Chiapas., La Secretaría de Agricultura y Desarrollo Rural informó que la planta destinada a la producción de moscas estériles para combatir el gusano barrenador del ganado presenta un avance general del 75 por ciento en Metapa, Chiapas. El proyecto es desarrollado a través del Senasica y se prevé que inicie operaciones a finales de junio, mientras continúan los trabajos para concluir la instalación de equipos industriales clave.
En los próximos días quedará lista la infraestructura que permitirá generar condiciones artificiales controladas para la cría de la mosca.
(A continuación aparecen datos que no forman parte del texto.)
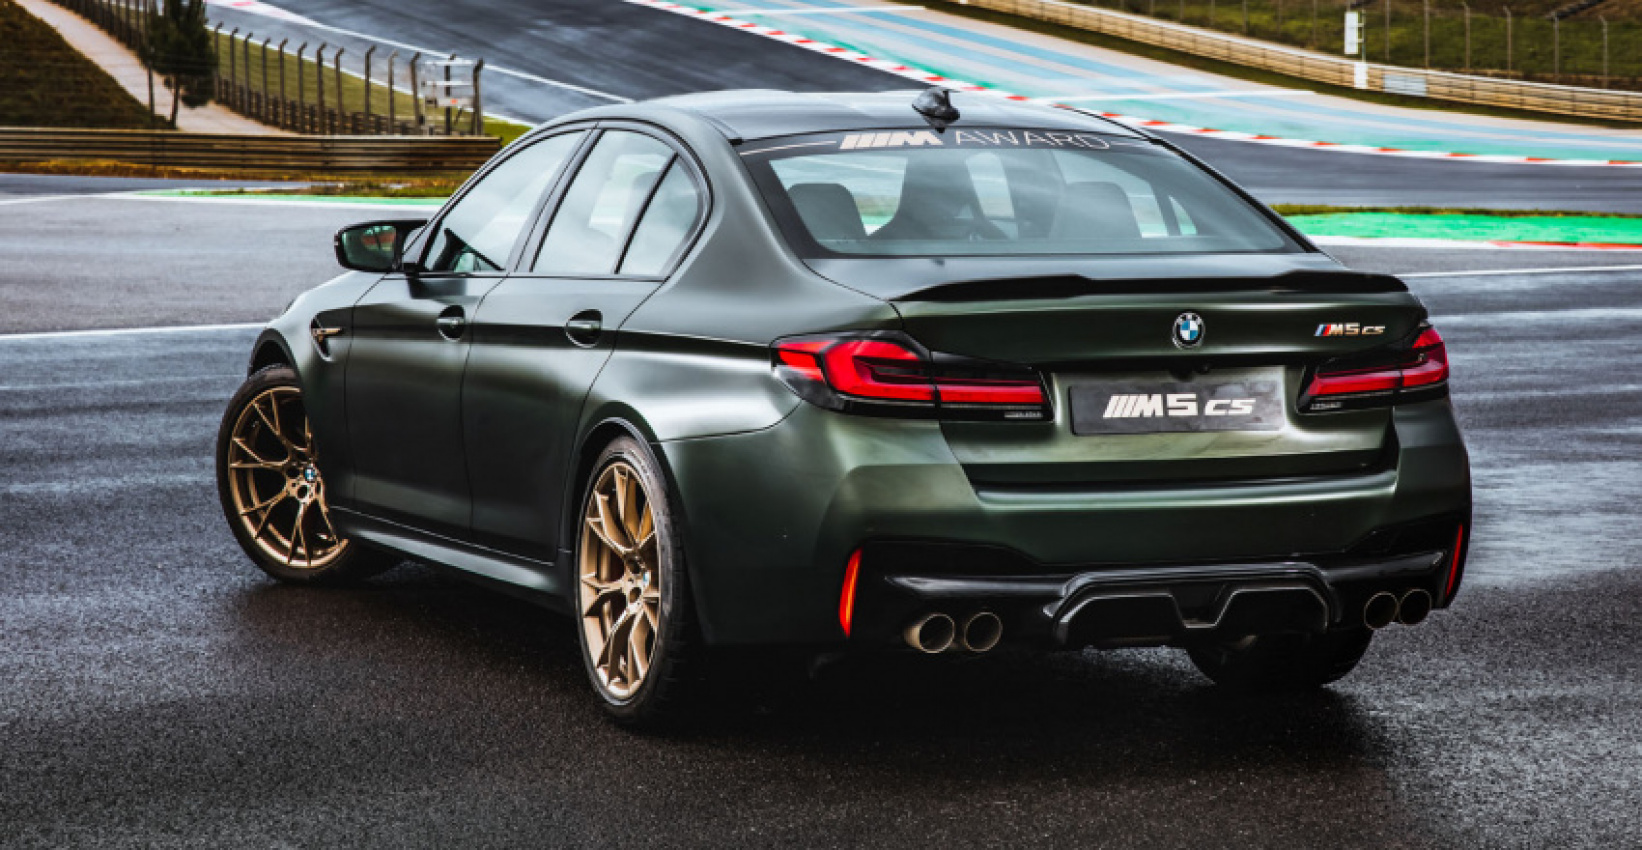 autos, bmw, cars, features, audi, bentley, bmw m5 cs, jaguar, maserati, mclaren, nissan, porsche, bmw m5 cs sold out in south africa – here are the other r3.8-million sports cars you can buy

Este complejo abarca más de 3 mil metros cuadrados, de los cuales 2 mil están destinados a un área de biocontención con altos estándares de bioseguridad donde se producirá la mosca fértil que posteriormente será esterilizada mediante irradiación.
Con la puesta en marcha de esta biofábrica se fortalecerán las acciones para controlar y erradicar la plaga, además de garantizar la continuidad de la producción ganadera en México y cumplir con los requisitos internacionales para la exportación de ganado. De manera paralela, especialistas trabajan en la adaptación de una cepa de mosca adecuada a las condiciones climáticas del país, con el objetivo de interrumpir el ciclo reproductivo del insecto al cruzarse con ejemplares silvestres.
El avance del proyecto es resultado de la coordinación entre autoridades mexicanas y el gobierno de Estados Unidos a través del USDA y el APHIS, lo que ha permitido consolidar una estrategia binacional contra esta plaga que afecta al sector pecuario.
En el noreste del país también se desarrolla un operativo para contener la dispersión del gusano barrenador, en el que participan 350 técnicos en coordinación con gobiernos estatales y comités pecuarios. Las acciones incluyen capacitación a productores, atención de reportes, diagnóstico y tratamiento de animales, así como barridos sanitarios en zonas de riesgo.
Como parte de estas medidas, se lleva a cabo la dispersión de moscas estériles en Tamaulipas, Nuevo León, San Luis Potosí y en una franja del estado de Texas. Desde noviembre de 2024 se han registrado más de 21 mil casos en el país, de los cuales la gran mayoría han sido resueltos, mientras que los activos continúan bajo vigilancia y control por parte de las autoridades sanitarias.